The Queen’s ushers direct her attention to orifices in her throne through which she can see into the Baths below. Her birds plummet through the passages in the throne, trailing long satin ribbons into the bath. Her Giant enters the watery path between the two pools. The sprites cluster around him with a garland woven from the ribbons attached to the birds which they affix to the Giant’s scrotum. In the warm waters of the thermal baths, the cremaster muscle releases and the testicles descend. This climactic moment where the emergence of a fully differentiated state becomes visible when the pigeons soar upward then fly downward with ribbons trailing. The Queen then relives the Magician’s leap into the river and swoons from the horror of her recollection.
At this point the narrative mirrors the path of descension just revealed: having completed his climb, the Diva tumbles to the stage, and the Magician plunges to the bottom of the river. Two water sprites caress his fallen body and insert a black pearl into his mouth. The Queen performs her mournful aria, preparing to join her lover in death. A thin stream of liquid trickles from her mouth into the pools below. On its descent, the stream divides into two droplets that strike the water simultaneously. Two perfect circles resonate outward, filling the surface of the bath with their waves, suggesting, in turn, eternal renewal or the echoes of a system expiring. The Cremaster cycle defers any definitive conclusion."
Complicated huh?! His work is definitely worth exploring and the following links should be a good starting point for anyone attempting to delve deeper.
http://www.cremasterfanatic.com/
http://en.wikipedia.org/wiki/The_Cremaster_Cycle
http://www.drawingrestraint.net/
Cremaster Cycle Cheat Sheet: http://www-staff.it.uts.edu.au/~spike/cremaster.html
5 comments:
Great post. Will have to return to watch the clips.
@Meadow:
Heya lady! It took a while to get my head around his stuff but it's worth exploring. Let me know what you think if you do get the chance.
Thanks for reminding me about these works! I saw The Cremaster Cycle in Paris a few years back and was absolutely stunned by its force and imagination. I understand what Barney says about not releasing the films on DVD, but I wish he'd reconsider. When I saw them, I knew little about Barney, and being faced with several hours of complex and difficult material to absorb in one sitting is asking an awful lot of the viewer. If I was able to watch them at home at my leisure, I could familiarise myself with the material so that when I'm faced with the real thing in a gallery, I'd be in a much better position to enjoy it.
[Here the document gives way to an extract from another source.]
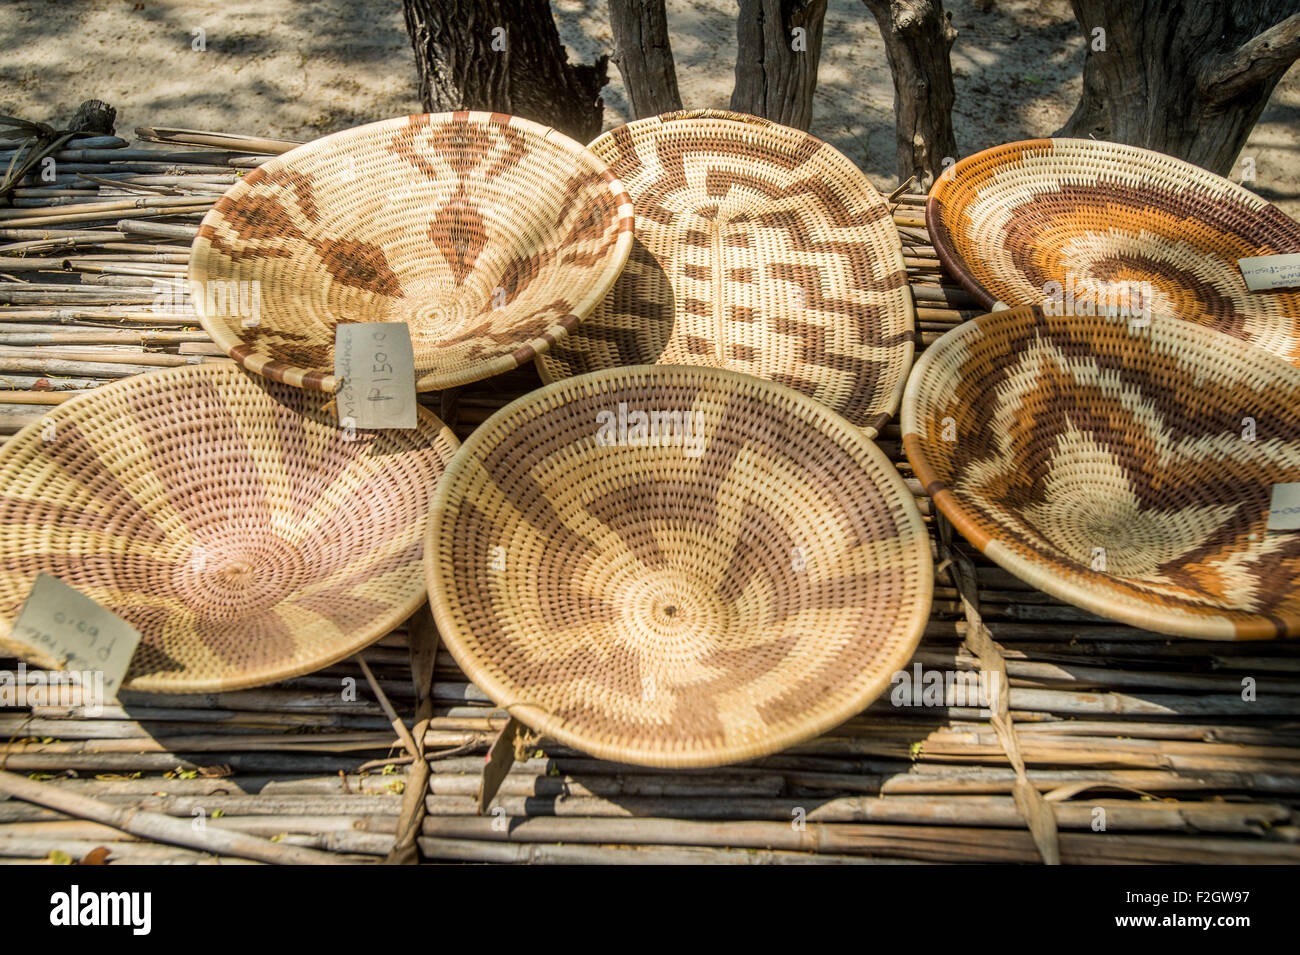 Sexaxa Dorf traditionelle afrikanische Wicker Schalen zum Verkauf in Botswana, Afrika Stockfoto

He could always put a disclaimer on the DVD about how these aren't the real "art works". After all, reproductions of paintings don't detract from appreciation of the real thing.
I've seen the first three in Sydney. They were mind blowing - I love Matthew Barney's work
@Doubtfull Egg:
You're one of the lucky few who has seen the full cycle, and i completely agree with you that it's an enormous undertaking to absorb it all in one go.When i finally got access to all five,I was lucky in that i could watch each one at my own pace.
I'm still trying to work out why exactly his work makes me feel so unsettled and yet exhilarated at the same time.
@Nurse Myra:
He's amazing isn't he.I'd love to spend one week in his brain, with the cogs turning and whirring!